Still, several studies presented at the same meeting validated a different approach. The rehabilitation model suggests that pain can be stopped by desensitizing the pain-producing tissue and improving central processing.

Exercise can improve muscle strength and flexibility, reduce disability, and even reduce pain intensity by 10%–50%. Exercise also can alter a patient's pain attitudes and beliefs.

A recent study by Dr. Rainville and colleagues showed that exercise reduced both the pain anticipated before and induced with exercise.

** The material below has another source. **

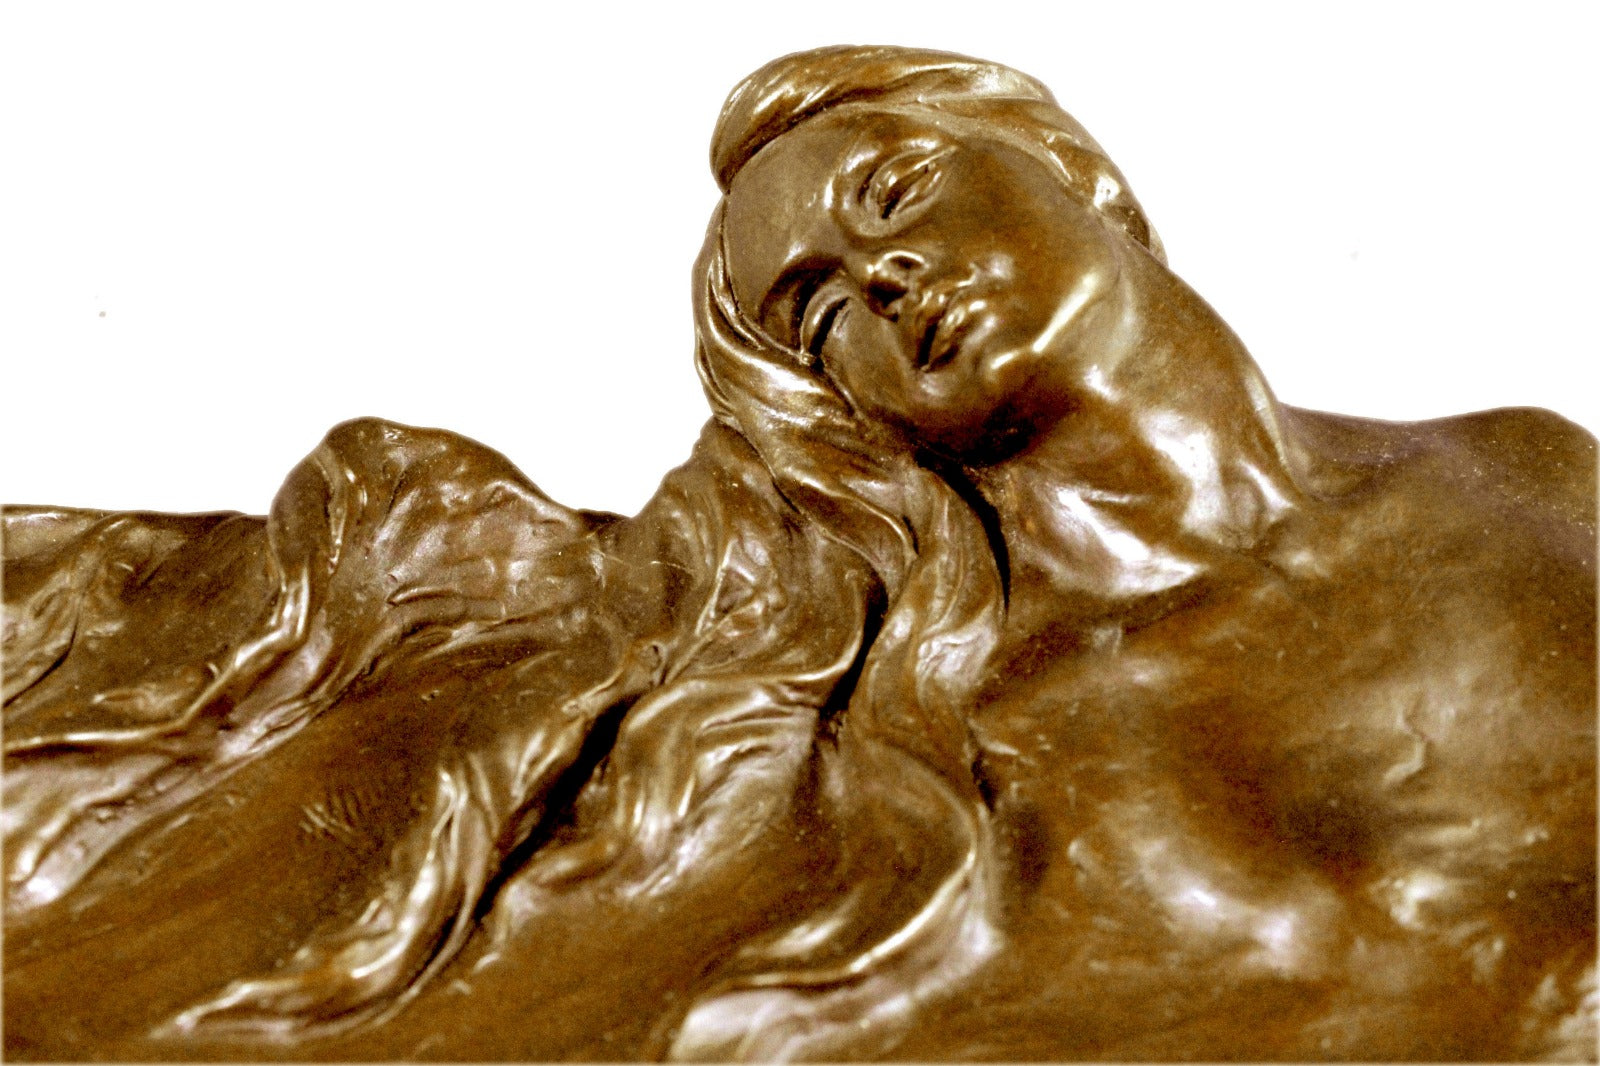 Art Decor Hot Cast Detailed Museum Quality Nude Sculpture Figurine Lost Wax

Significant improvements were observed for global back pain, leg pain, disability, and performance on each physical testing in 70 patients with chronic low back pain who completed an intensive 2-hour exercise program delivered up to three times per week for 6 weeks.

Performances on all physical testing correlated with anticipated and induced pain for all tests at baseline, but only for measures of flexibility at discharge. The correlation between disability and pain attitudes and beliefs was extremely high, at 0.79.

“Something about the pain process has been changed,” Dr. Rainville said. “What, I don't know. Where, I don't know. But it's a fascinating observation. In addition, people improved their strength. They have less pain with lifting a lot more. Something has been learned differently within the central nervous system, because we didn't change their anatomy in any positive way.”

Finally, exercise may help wean patients with chronic low back pain from narcotics. After 6 weeks of exercise therapy, one-half of patients in the study who regularly used narcotics were able to stop taking them.